Right now, I can't directly access the images to superimpose them. Therefore, I will have to get the images with the following function. Additionally, I have incorporated a greyscaler into this. 

In [8]:
from PIL import Image
import pickle

def unpickle(file):
    with open(file, 'rb') as fo:
        dict = pickle.load(fo)
    return dict

def load_databatch(data_folder, idx, img_size=32):
    data_file = os.path.join(data_folder, 'train_data_batch_' + str(idx))
    d = unpickle(data_file)
    x = d['data']
    y = d['labels']
    mean_image = d['mean']

    x = x / np.float32(255)
    mean_image = mean_image / np.float32(255)

    # Labels are indexed from 1, shift it so that indexes start at 0
    y = [i - 1 for i in y]
    data_size = x.shape[0]

    x -= mean_image

    img_size2 = img_size * img_size

    x = np.dstack((x[:, :img_size2], x[:, img_size2:2 * img_size2], x[:, 2 * img_size2:]))
    x = x.reshape((x.shape[0], img_size, img_size, 3)).transpose(0, 3, 1, 2)

    # create mirrored images
    X_train = x[0:data_size, :, :, :]
    Y_train = y[0:data_size]
    X_train_flip = X_train[:, :, :, ::-1]
    Y_train_flip = Y_train
    X_train = np.concatenate((X_train, X_train_flip), axis=0)
    Y_train = np.concatenate((Y_train, Y_train_flip), axis=0)

    return dict(
        X_train=X_train.astype(np.float32),
        Y_train=np.array(Y_train, dtype=np.int32),
        mean=mean_image.astype(np.float32)
    )


Let's superimpose them with each other!

Firstly here is the way I loaded the mnist pictures as it was done before [here](./vae.ipynb).

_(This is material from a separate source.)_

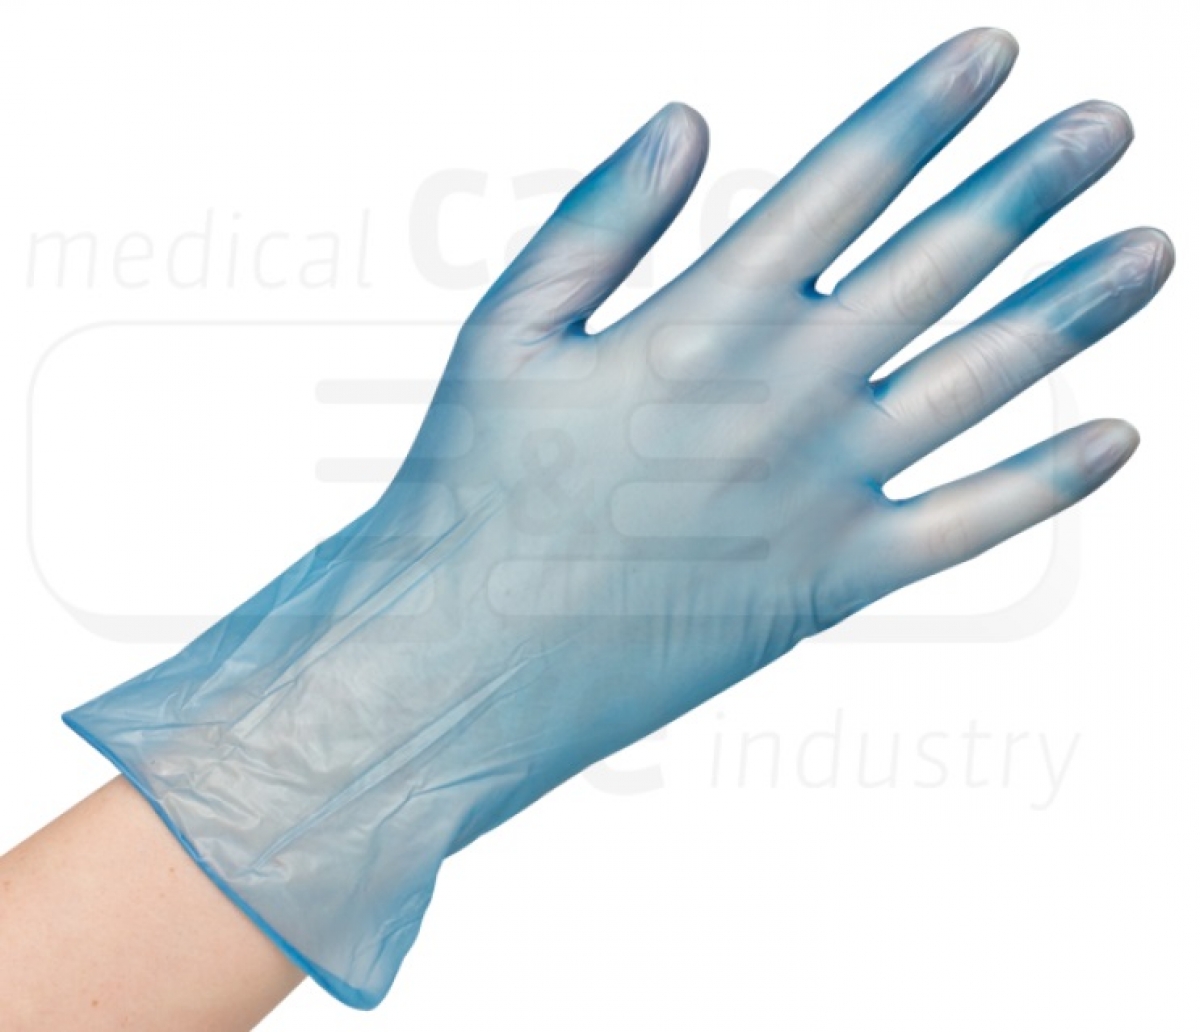 WIROS-Hand-Schutz, Einweg-Vinyl Handschuhe, puderfrei, efficient, Spenderbox, Pkg  100 Stck, VE = 10 Pkg, blau

The data is loaded and resized to 32x32 to fit the Image-Net Data. 
I have once again split the data into a training and validation set. 


In [9]:
# Data transformations
transform = torchvision.transforms.Compose([
    torchvision.transforms.Resize((32, 32)),
    torchvision.transforms.ToTensor(),
])

# Load the MNIST dataset
trainset = torchvision.datasets.MNIST(
    root='./input', train=True, download=True, transform=transform
)
testset = torchvision.datasets.MNIST(
    root='./input', train=False, download=True, transform=transform
)

Firstly I am unpickleing one batch and doing the calculations that were previously defined. 

In [10]:
batch_1 = load_databatch("./input/Imagenet32_train", 1)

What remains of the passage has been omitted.